I did find a workaround, but I don't like it because it feels hacky:
I can parse the string source of the json schema inside the filter
function:
val schemaSource: String = ...
df.filter(str => {
val jsonSchema = stringToJsonSchema(schemaSource).get
stringToJson(str)
.map(validateJson(_, jsonSchema))
.getOrElse(false)
})
But that means that I am parsing the JsonSchema
for every row of the DF, and that's a waste of CPU and memory.
So instead I can use a cache-wrapper, which also feels hacky:
class CacheWrapper[T] {
private lazy val cache = mutable.Map.empty[String, T]

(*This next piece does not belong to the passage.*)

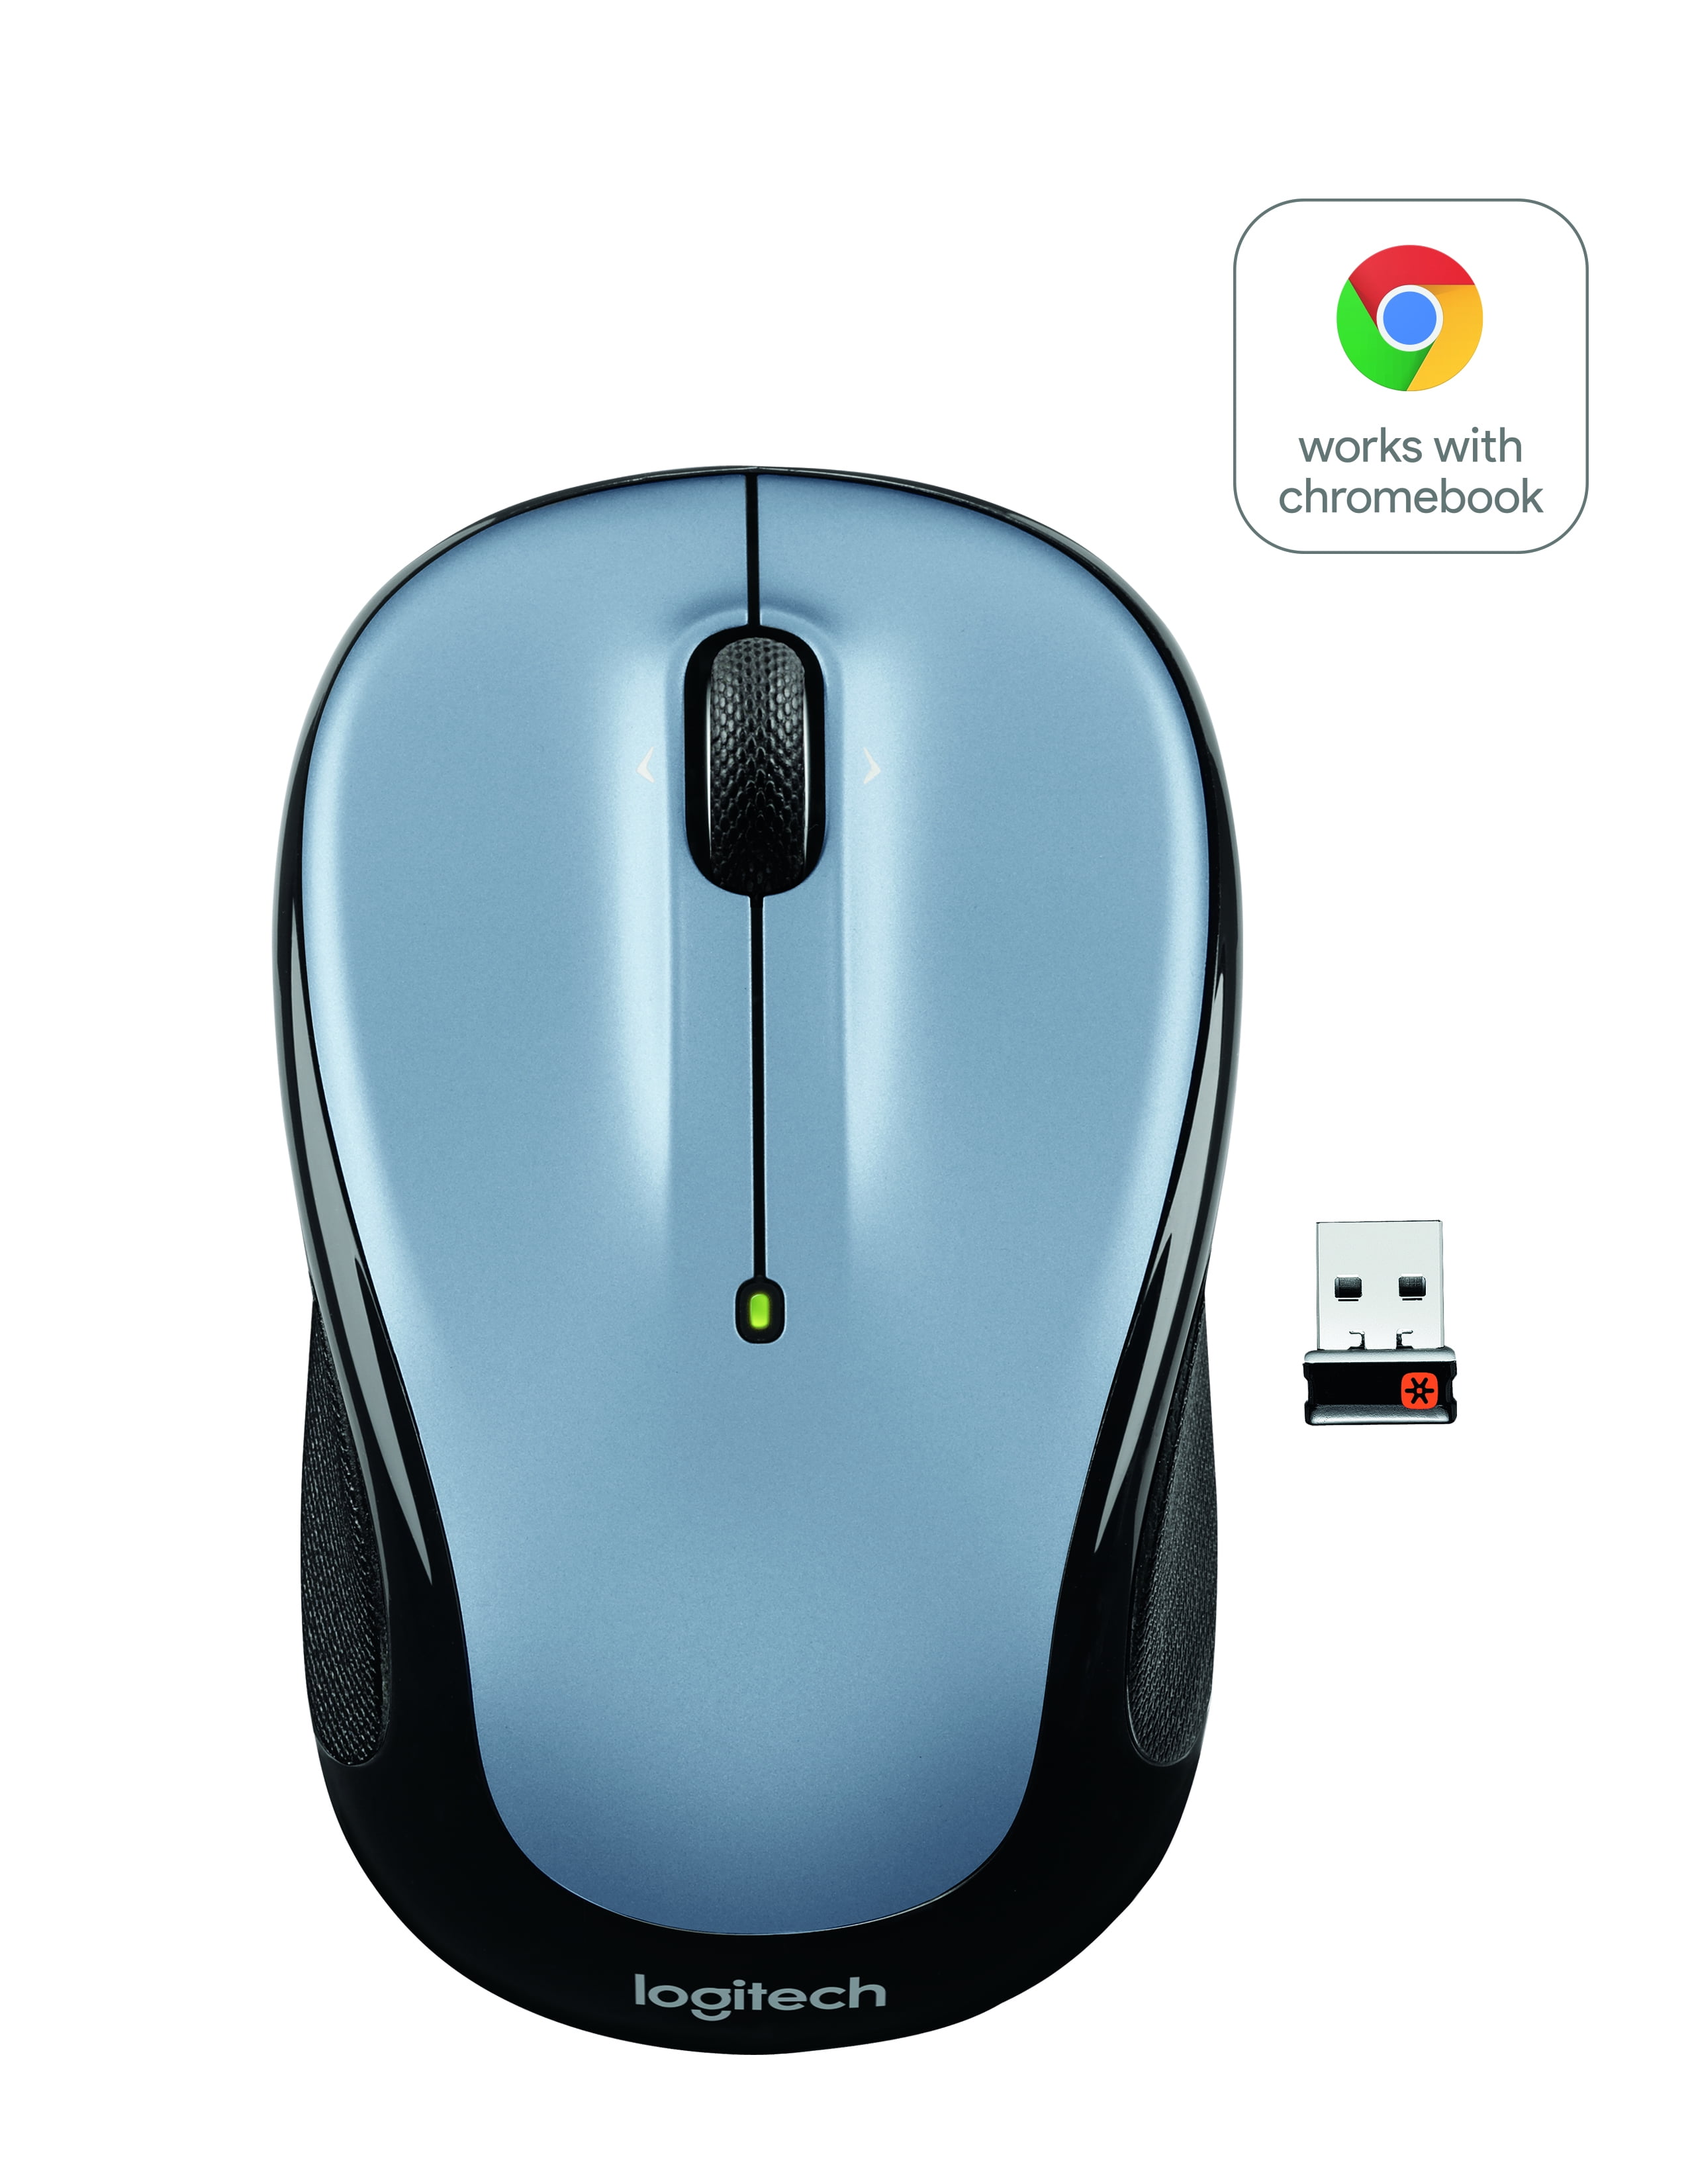 hjælpe indhold Hvor Logitech Compact Wireless Mouse, Gray - Walmart.com

def getCacheOrElse(cacheKey: String, getter: () => T): T = {
cache.getOrElse(cacheKey, {
cache.put(cacheKey, getter())
cache(cacheKey)
})
}
}
val schemaSource: String = ...
@transient lazy val jsonSchemaCache: CacheWrapper[JsonSchema] = new CacheWrapper[JsonSchema]
df.filter(str => {
val jsonSchema = jsonSchemaCache.getOrElse(schemaSource.hashCode.toString, () => stringToJsonSchema(schemaSource).get)
stringToJson(str)
.map(validateJson(_, jsonSchema))
.getOrElse(false)
})
This will have the effect of parsing the JsonSchema
only once (when we reach the first row). All the other rows will get it from the cache.
But again - this feels hacky.
Is there another way to do this?
All I want is a way to pass the schemaSource
string to all the spark worker nodes, have each worker parse it into a JsonSchema
only once, and then use that JsonSchema
object to filter the DF. That sounds to me like it should be easy, but I can't find a way to do it.